Medical school in Izhevsk, Russia

The Izhevsk State Medical Academy (ISMA; Ижевская государственная медицинская академия, ИГМА) is a public higher medical school in Izhevsk, Russia. The academy is an institution of Russia in medicine and training specialists in preventive and clinical medicine.

== History ==
After the October Revolution and the Russian Civil War, because of outbreaks of anthrax and cholera in the Ural and Volga Regions, there was the urgent need in medical staff. In 1933, due the Resolution of the Soviets the Izhevsk State Medical Institute was established. The medical scientist Vasily Parin was one of its founders.

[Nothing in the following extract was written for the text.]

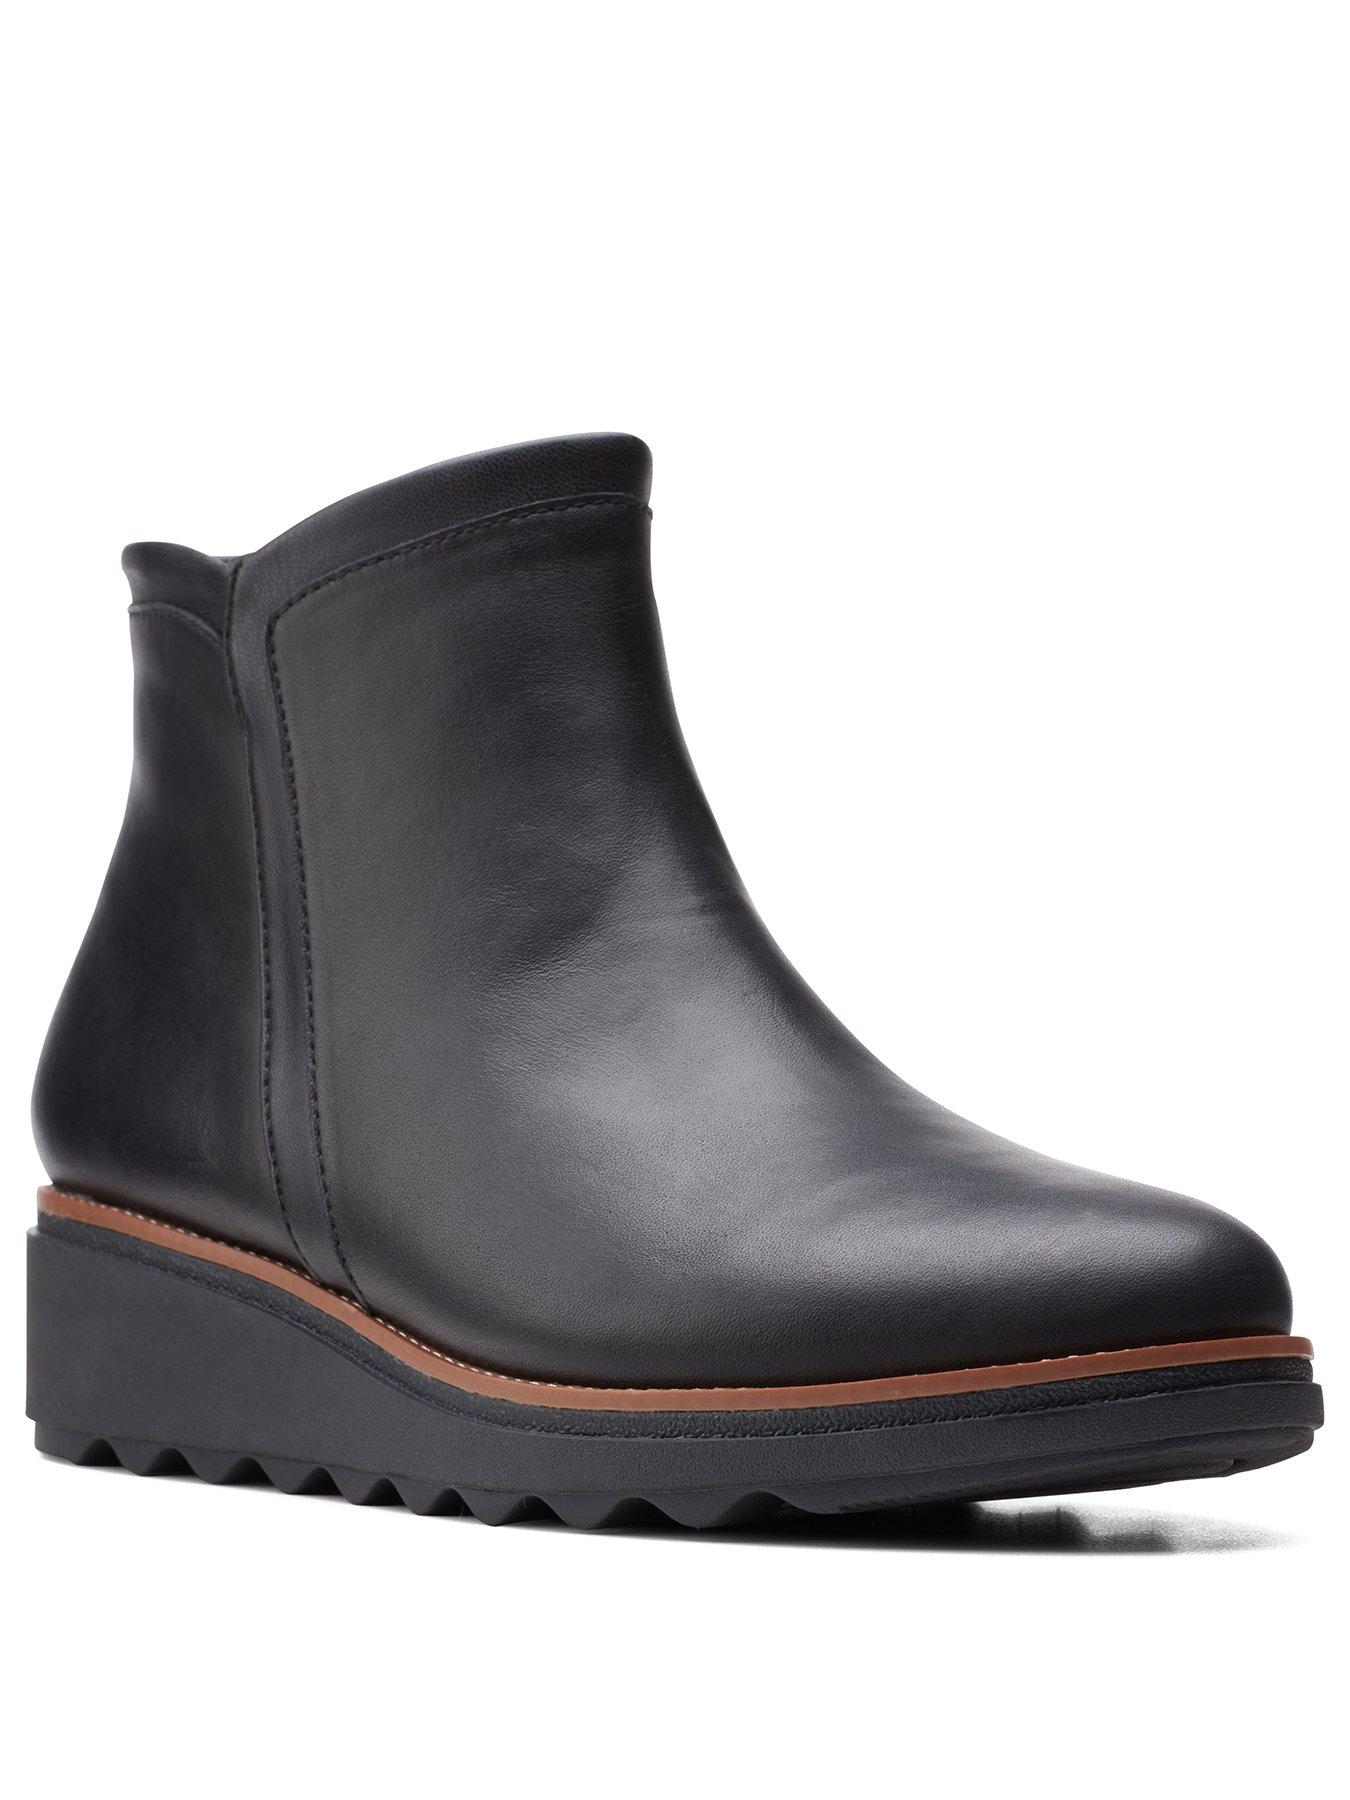 clarks black wedge ankle boots
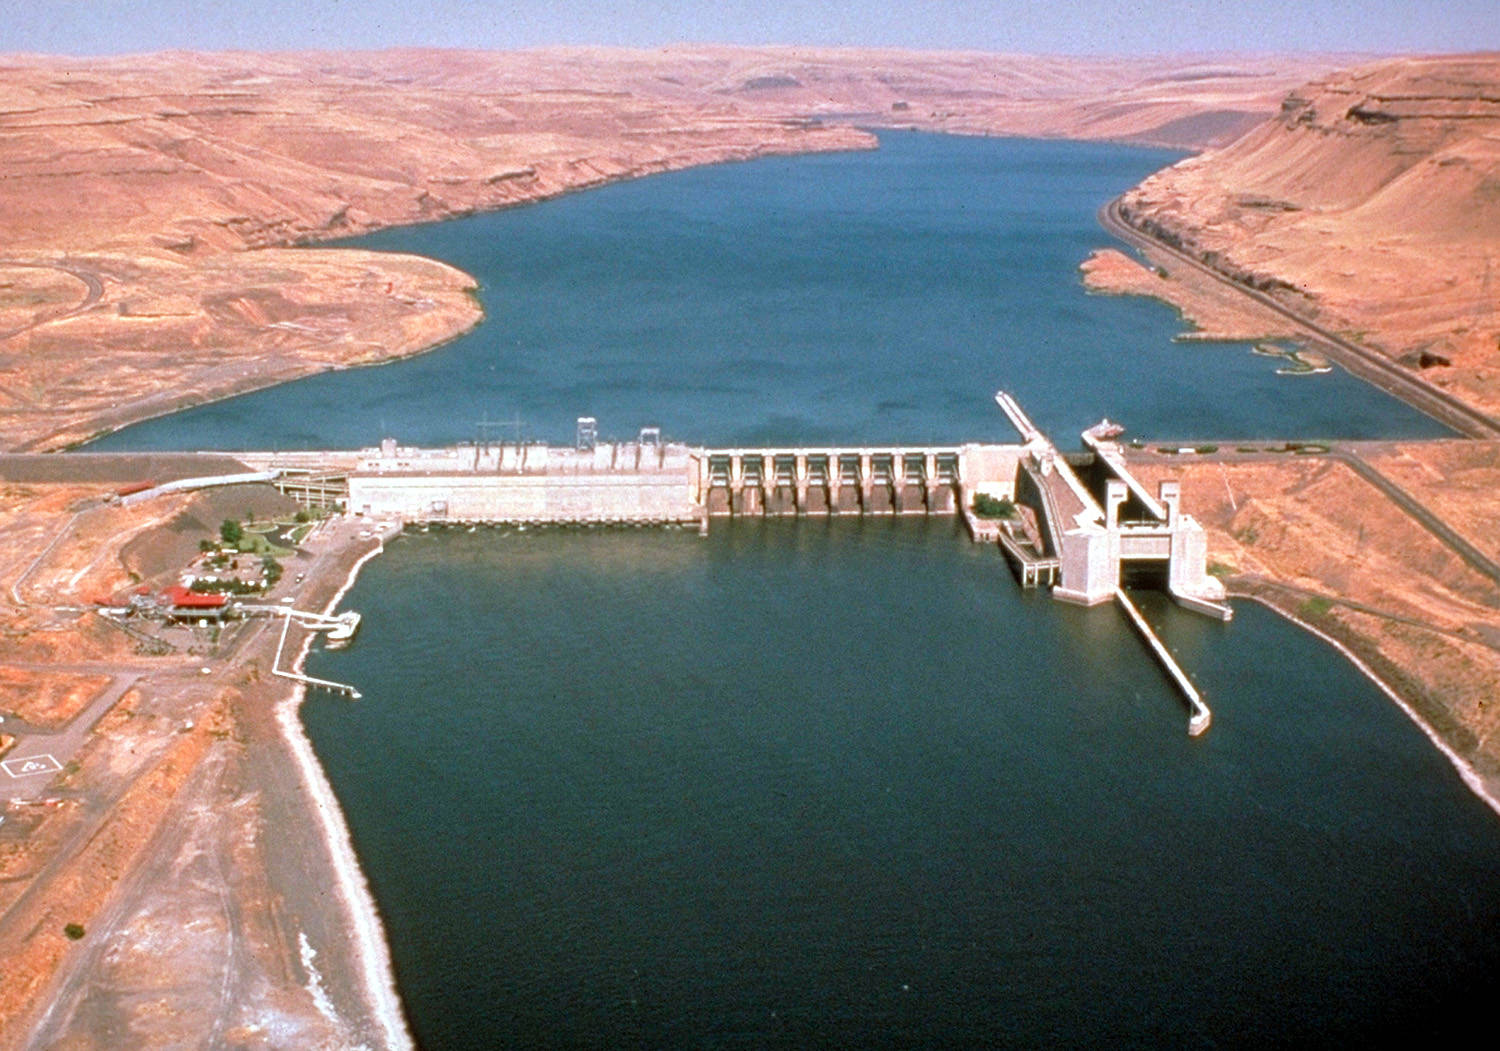 OPALCO board listens to member concerns - reconsiders resolution on Snake River dams

In August 1933, 171 students were enrolled in the first year of the General Medicine Department of the institute. In 1938, the first graduation of doctors took place, and most of them were sent to work in medical organisations of Udmurtia. In the years of the Great Patriotic War, the most of graduate doctors were sent to the frontline and rear hospitals. After the war, the Paediatrics Department (1975) and the Dentistry Department (1980) were opened at the institute.

== Education ==
In the academy the education process is organized at four departments:
- General Medicine Department,
- Paediatrics Department,
- Dentistry Department,
- Department of Post-graduate and Professional Training.

Students are trained in the specialties of medical care, pediatrics and dentistry. Post-graduate and professional training is carried out in internship, residency and Ph.D. degree studies.

Since 2008, the academy has been publishing a journal in the Russian and English languages titled "Health, Demography, Ecology of Finno-Ugric Peoples" (Здоровье, демография, экология финно-угорских народов — ).